Daarnaast is het uitvoeren van een kwalitatief hoogwaardig en methodologisch
verantwoord onderzoek naar de effectiviteitsvoorwaarden een stuk goedkoper dan
een methodologisch verantwoord onderzoek naar een doelbereikingsvraag (effectiviteitsonderzoek) en daarmee voor lokale
rekenkamers haalbaar.
Concrete normen
Als de rekenkamer tóch achteruit wil kijken, is het verstandig dat het onderzoek
zich alleen richt op de outputfase en niet
op de relatie tussen outputfase en outcomefase. De reden is hierboven uitgebreid
beschreven. Zodra de rekenkamer het
onderzoek richt op de outputfase betekent dit dat het normenkader ook alleen
moet bestaan uit een concrete set normen
die aangeeft wat de beoogde output is, en
dus geen normen die gaan over procedures en randvoorwaarden. Daarbij is aan te
bevelen om bij een onderzoek naar de
output het onderzoeksobject zo veel
mogelijk te beperken tot één of een klein
aantal cases. Bijvoorbeeld onderzoek of bij
de bouw van project X de aanbestedingsregels zijn gevolgd in plaats van te onderzoeken of de gemeente in het algemeen in
de jaren 2008 en 2009 de aanbestedingsregels heeft gevolgd. In dit voorbeeld
bestaat het normenkader dus uit een
concrete weergave van de aanbestedingsregels van de betreffende gemeente X. Bij
een onderzoek naar de outputfase moet
de rekenkamer er rekening mee houden
dat het resultaat van het onderzoek veelal
zal worden opgevat als ‘afrekenen’ in
plaats van ‘leren’.
Keuze maken
Rekenkamers zullen de komende tijd een
keuze moeten maken tussen puur effectiviteitsonderzoek en onderzoek naar de
effectiviteitsvoorwaarden die zekerheid
moeten geven dat het beoogde beleid
wordt gerealiseerd . Een combinatie binnen één onderzoek is geen reële optie.
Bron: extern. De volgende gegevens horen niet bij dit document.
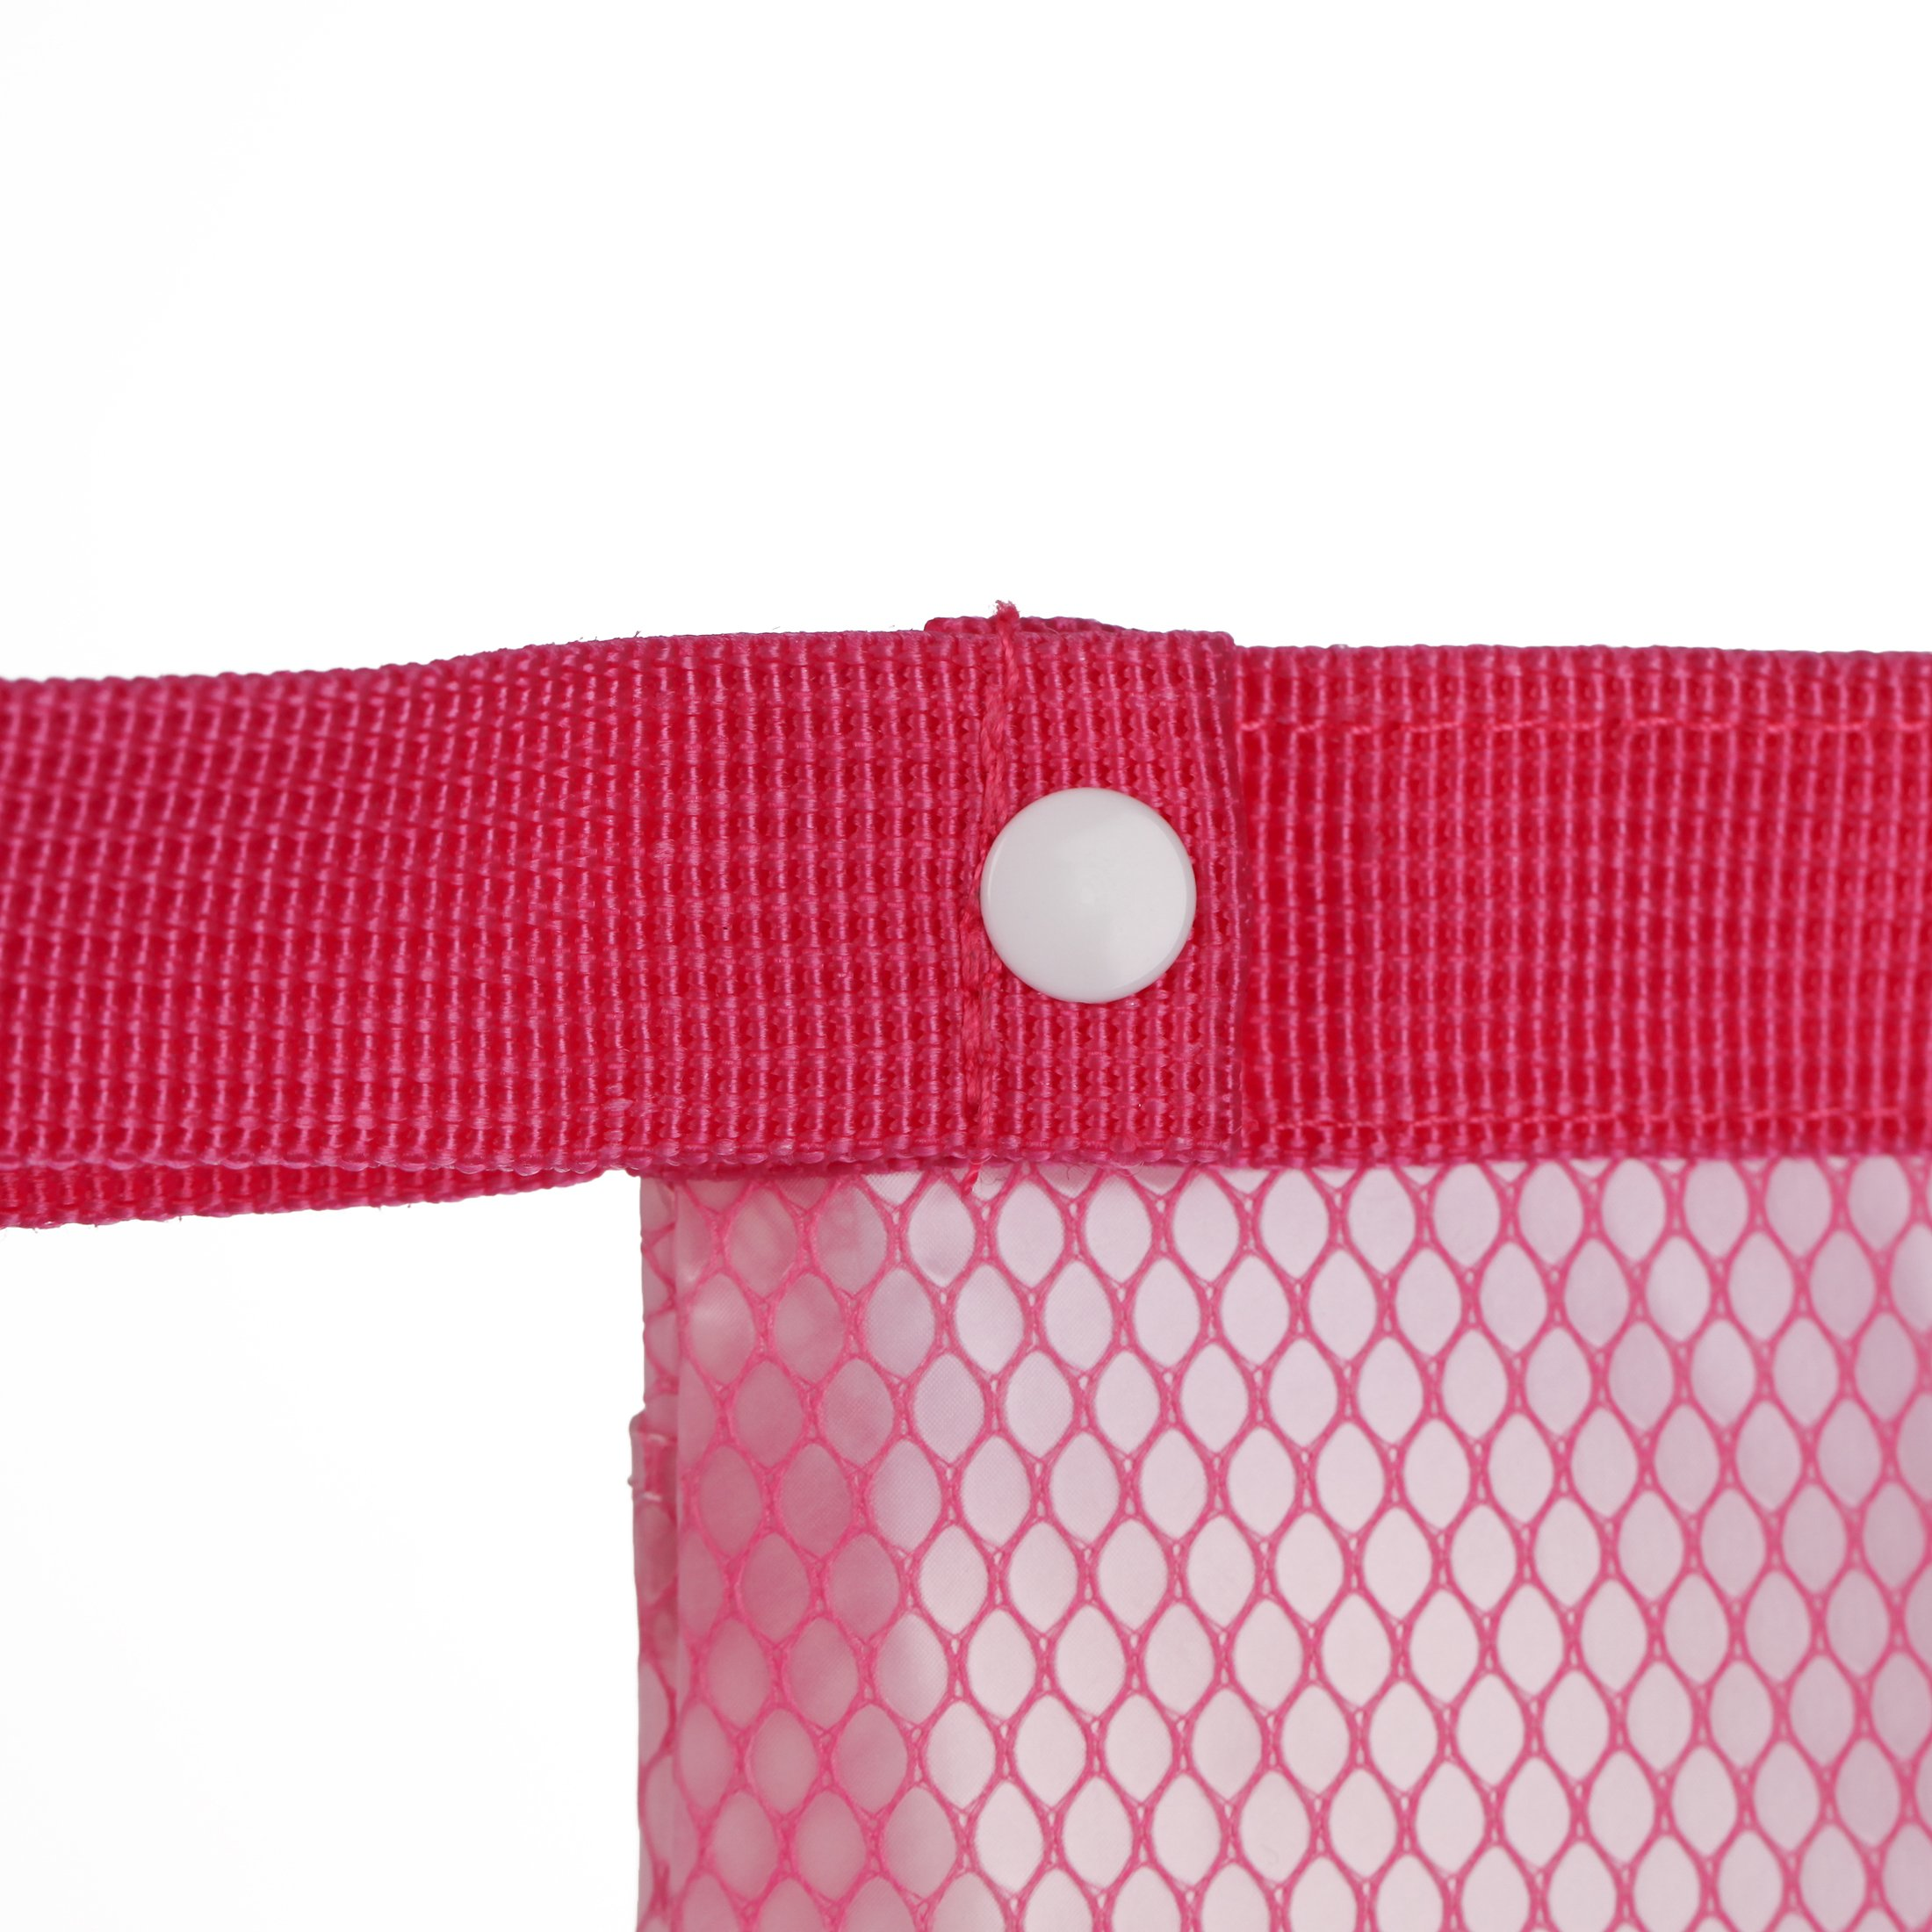 Ultrasport wasserfeste Tasche wasserabweisender Kulturbeutel L 27 cm B 21,5 cm

Het is aanbevelenswaardig dat rekenkamers kiezen voor onderzoek naar effectiviteitsvoorwaarden. Voor het opstellen van
het normenkader bestaan theorieën en
modellen die zich in de praktijk hebben
bewezen. Onderstaand geven wij drie
voorbeelden van theorieën en modellen
die bruikbaar zijn voor een aantal populaire onderzoeksobjecten van reken­
kamers.
Onderzoek naar effectiviteitsvoorwaarden
op basis van bekende theorieën en modellen is al geruime tijd breed geaccepteerd
binnen profit- en non-profitorganisaties en
geeft rekenkamers een concrete handreiking die als alternatief kan dienen voor de
traditionele doelbereikingsvraag. In een
volgend artikel zullen wij nader ingaan op
de onderzoeksmethodologische aanpak
van onderzoek naar effectiviteitsvoorwaarden.
Populaire objecten rekenkameronderzoek
Beproefde theorieën en modellen
Beheersing grote projecten
en programmama’s
Prince2 en de Balanced Change Card
Inkoop en aanbesteding
MSU+ model
WMO-beleid
Simons four levers of control
In de jaren negentig wees Bemelmans-Videc er al op dat het doelmatigheidsonderzoek van de
Algemene Rekenkamer vooral op de voorwaarden voor effectiviteit was gericht, niet op het vaststellen van de effectiviteit van het beleid zelf.